[Information shown — start]
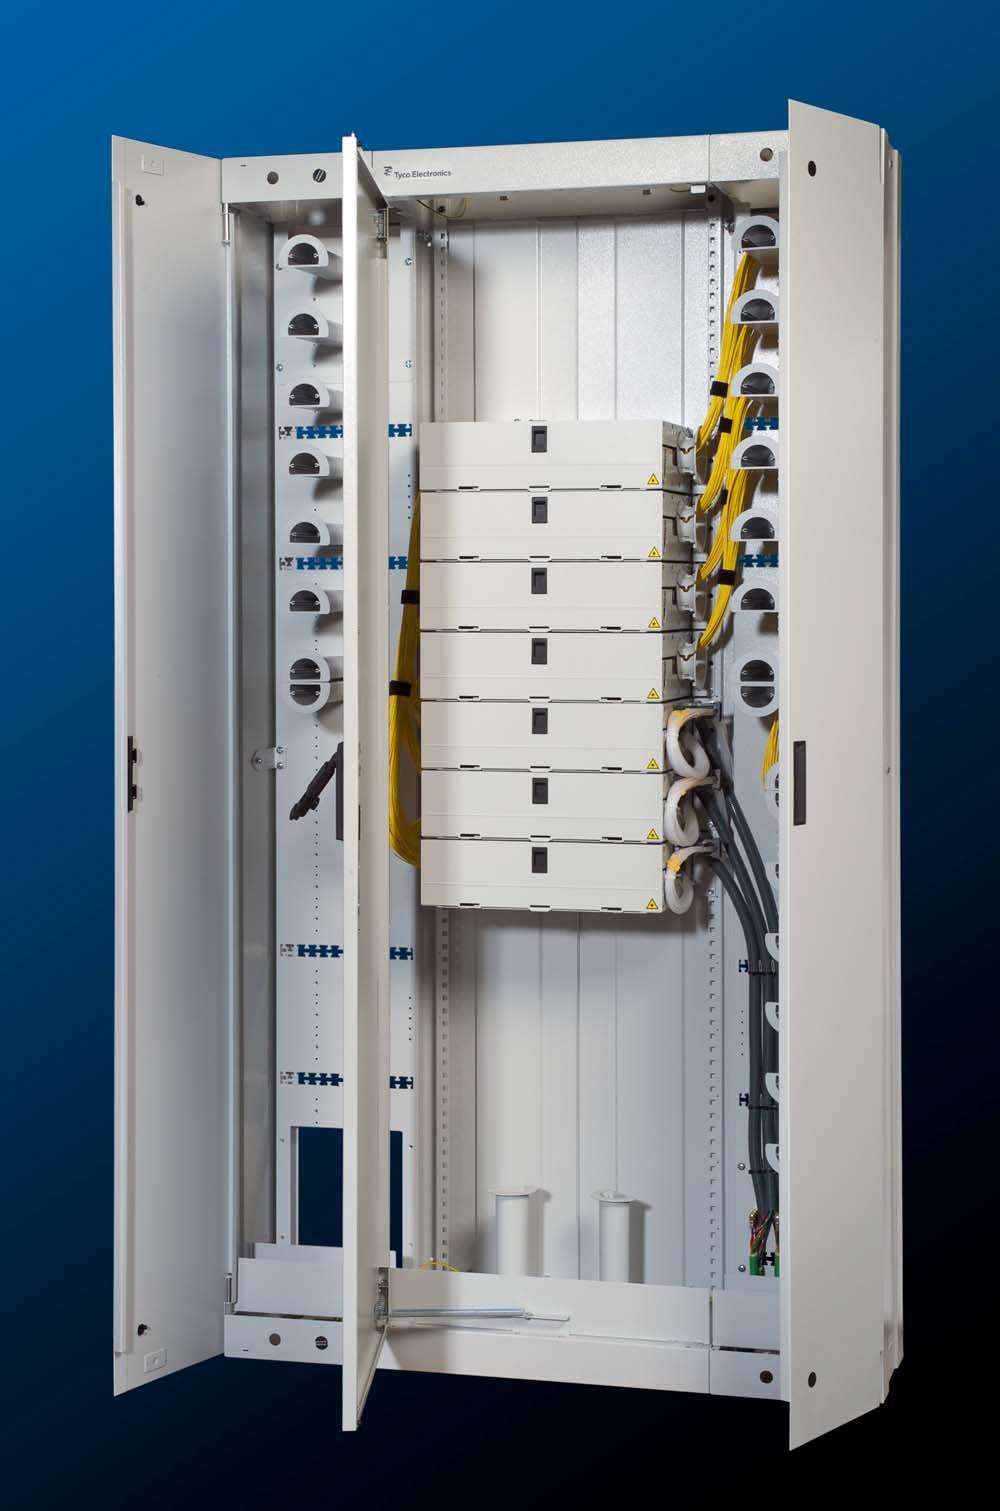 Page 2 of 13 1 Product description The FIST Blue Label Rack, FIST-GR3, is an all-purpose metal rack designed to accommodate FIST shelves. FIST-GR3 complies with metric ETSI specifications.
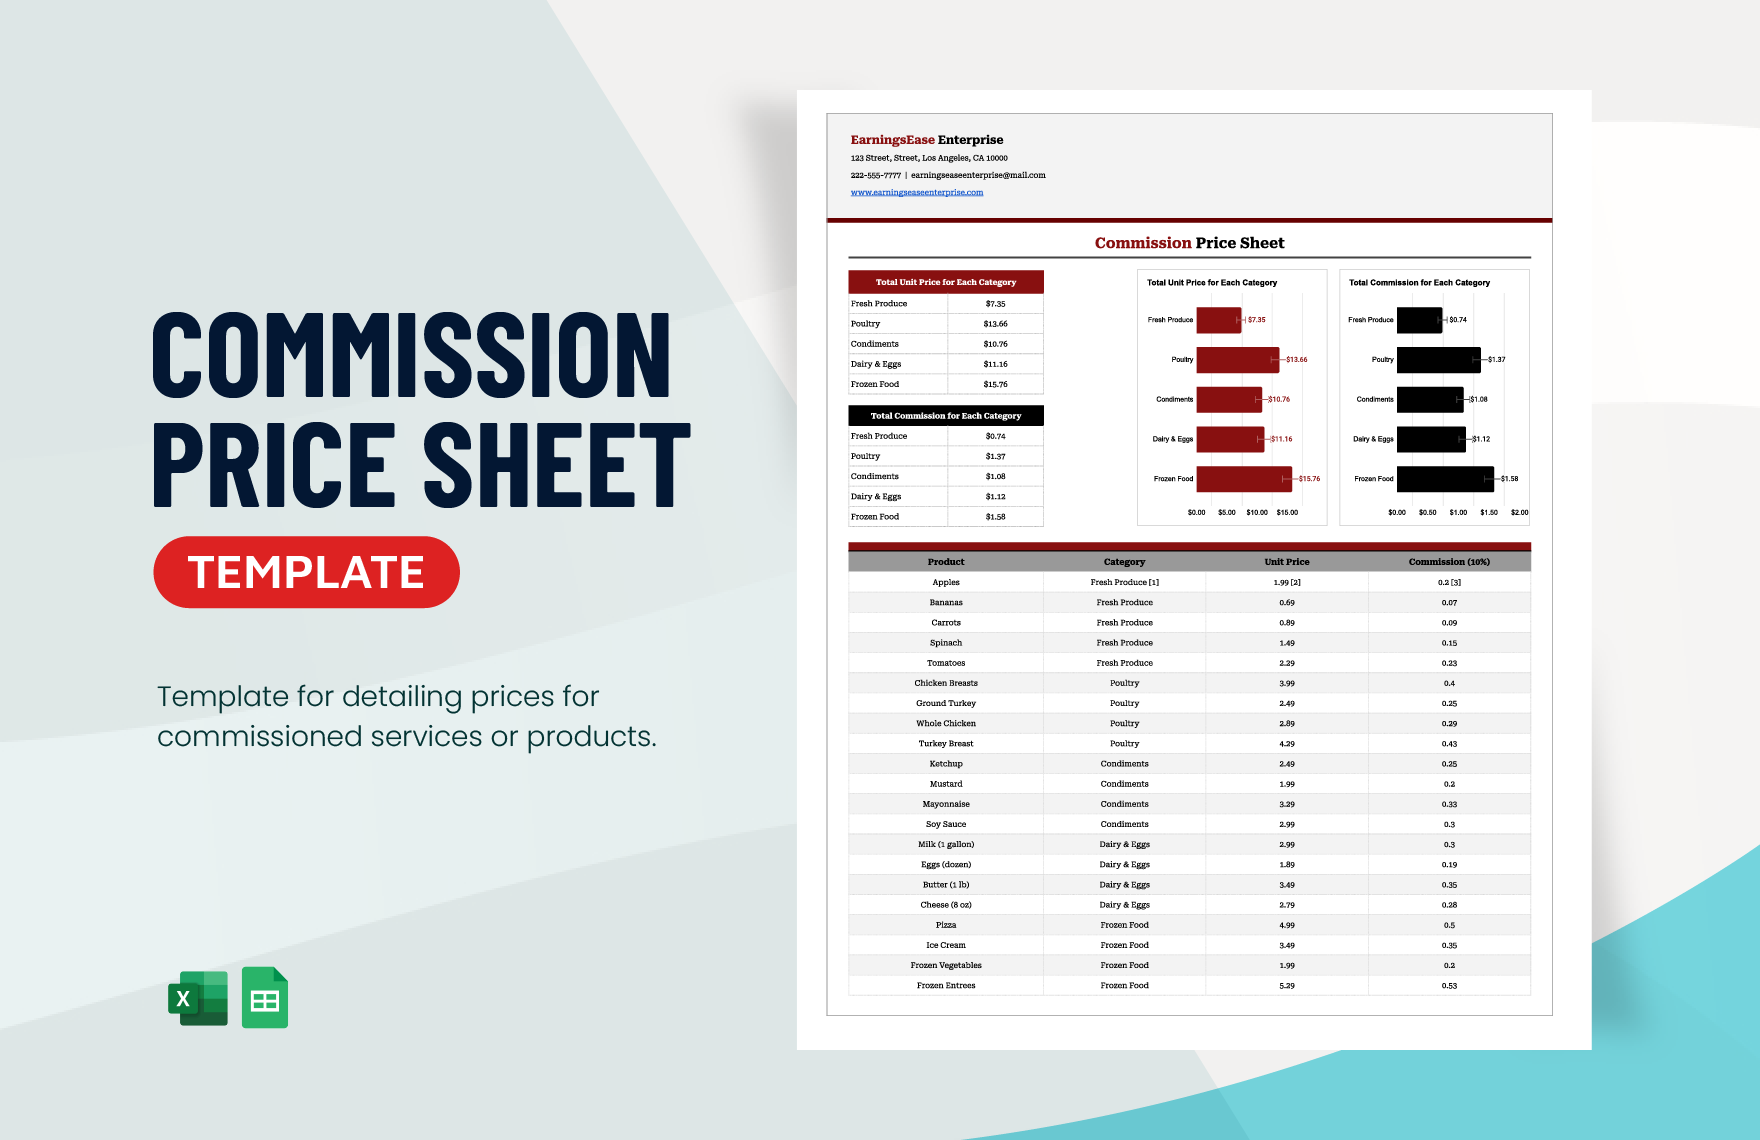 Commission Price Sheet Template in Excel, Google Sheets
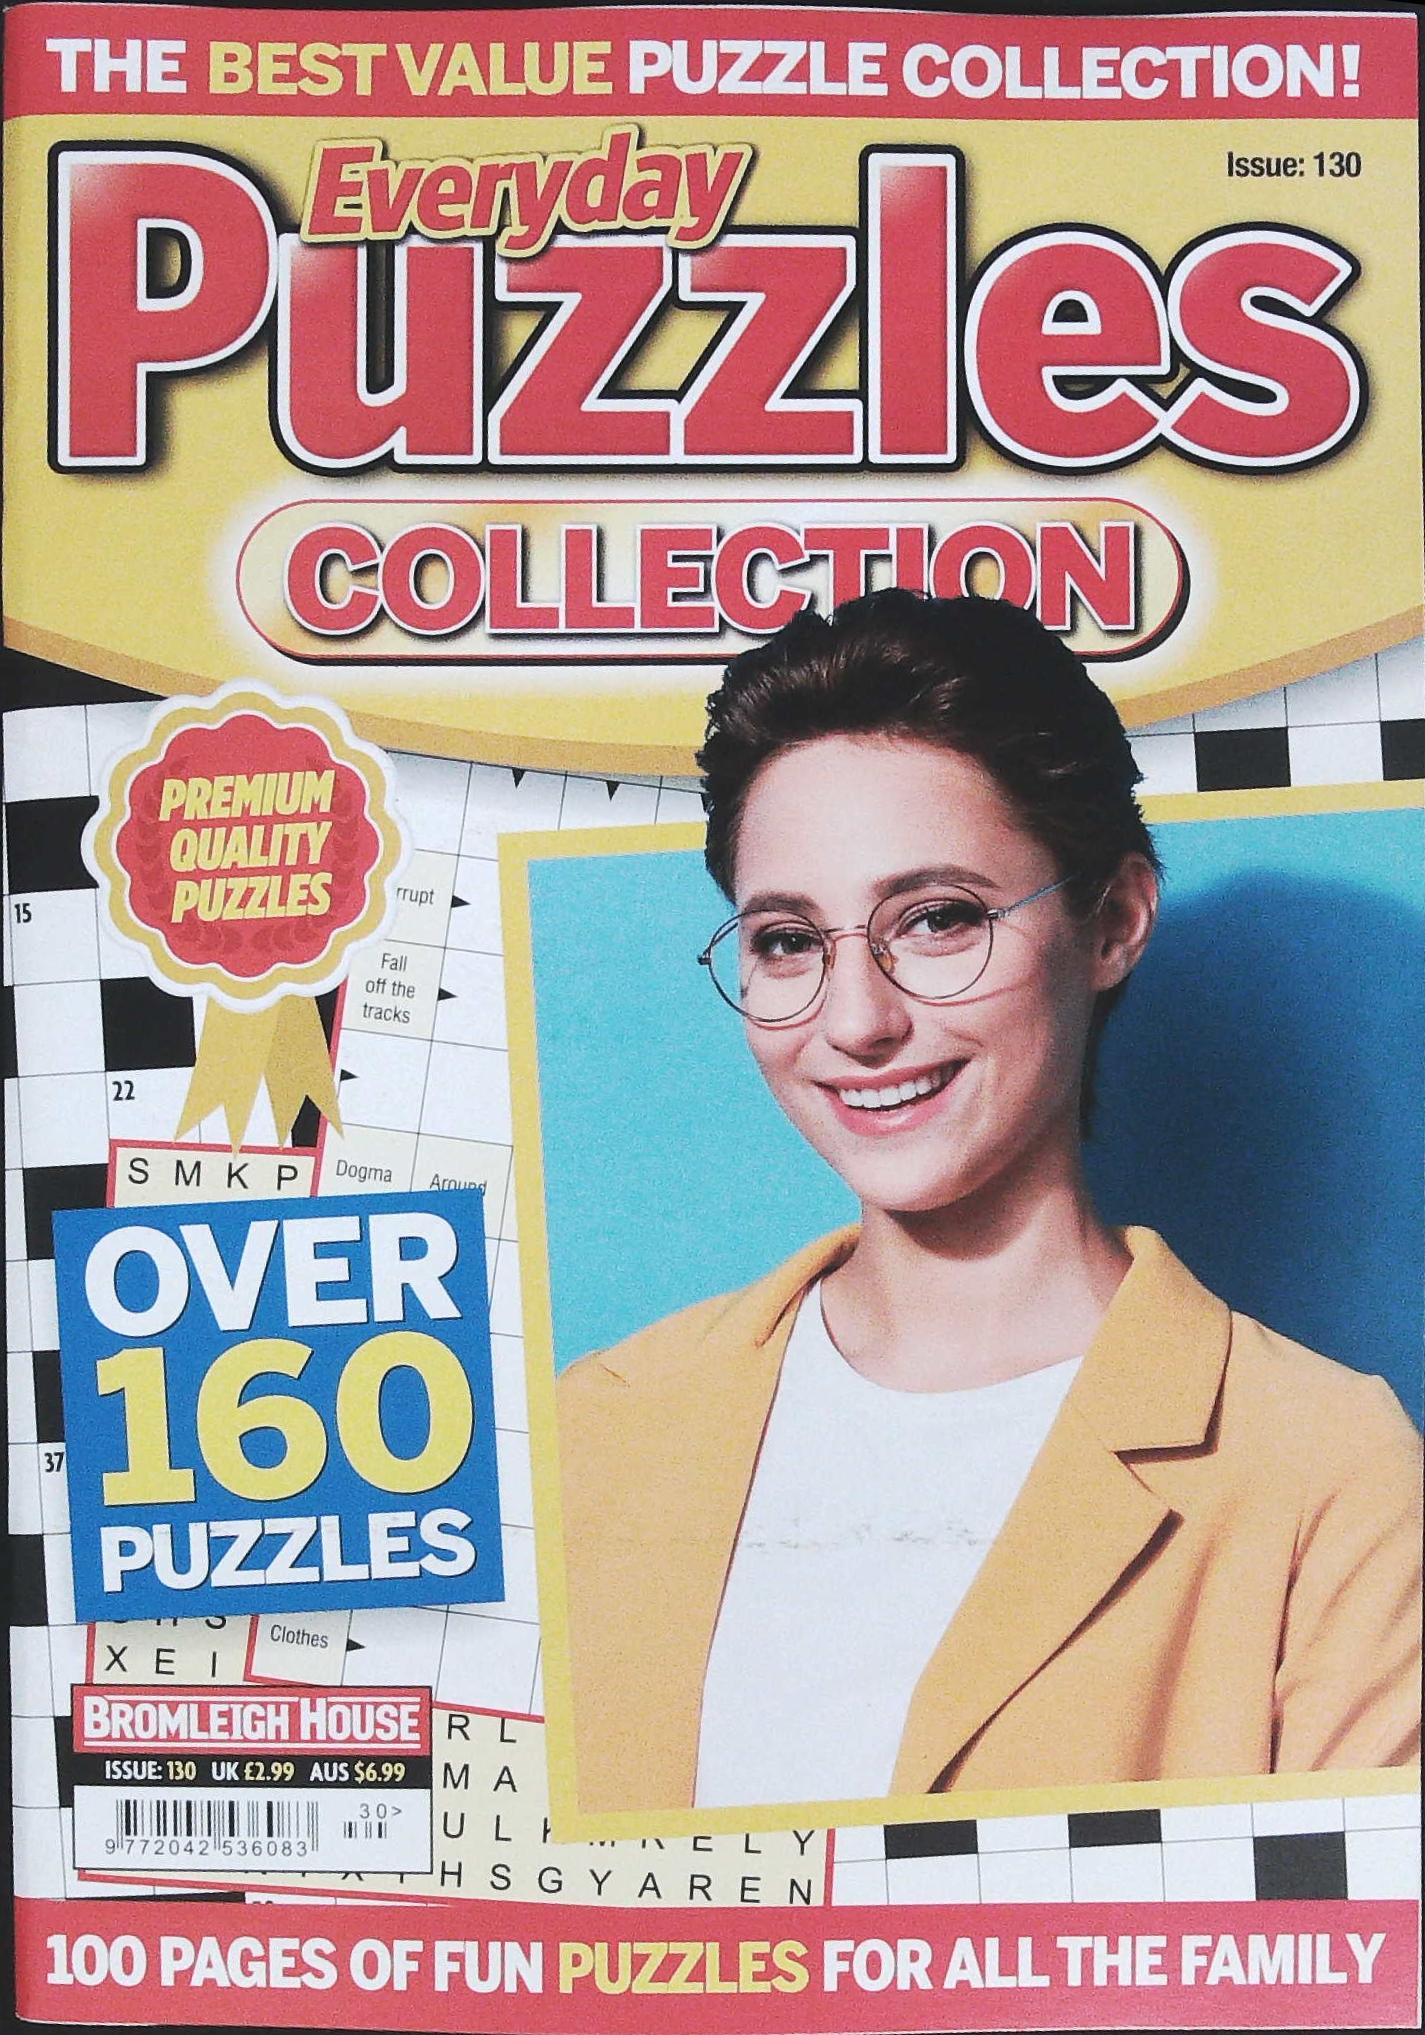 EVERYDAY PUZZLES COLLECTION
[Information shown — finish]
Work instructions:
Reproduce everything above exactly, images excluded.

Final answer:
 Page 2 of 13 1 Product description The FIST Blue Label Rack, FIST-GR3, is an all-purpose metal rack designed to accommodate FIST shelves. FIST-GR3 complies with metric ETSI specifications.
 Commission Price Sheet Template in Excel, Google Sheets
 EVERYDAY PUZZLES COLLECTION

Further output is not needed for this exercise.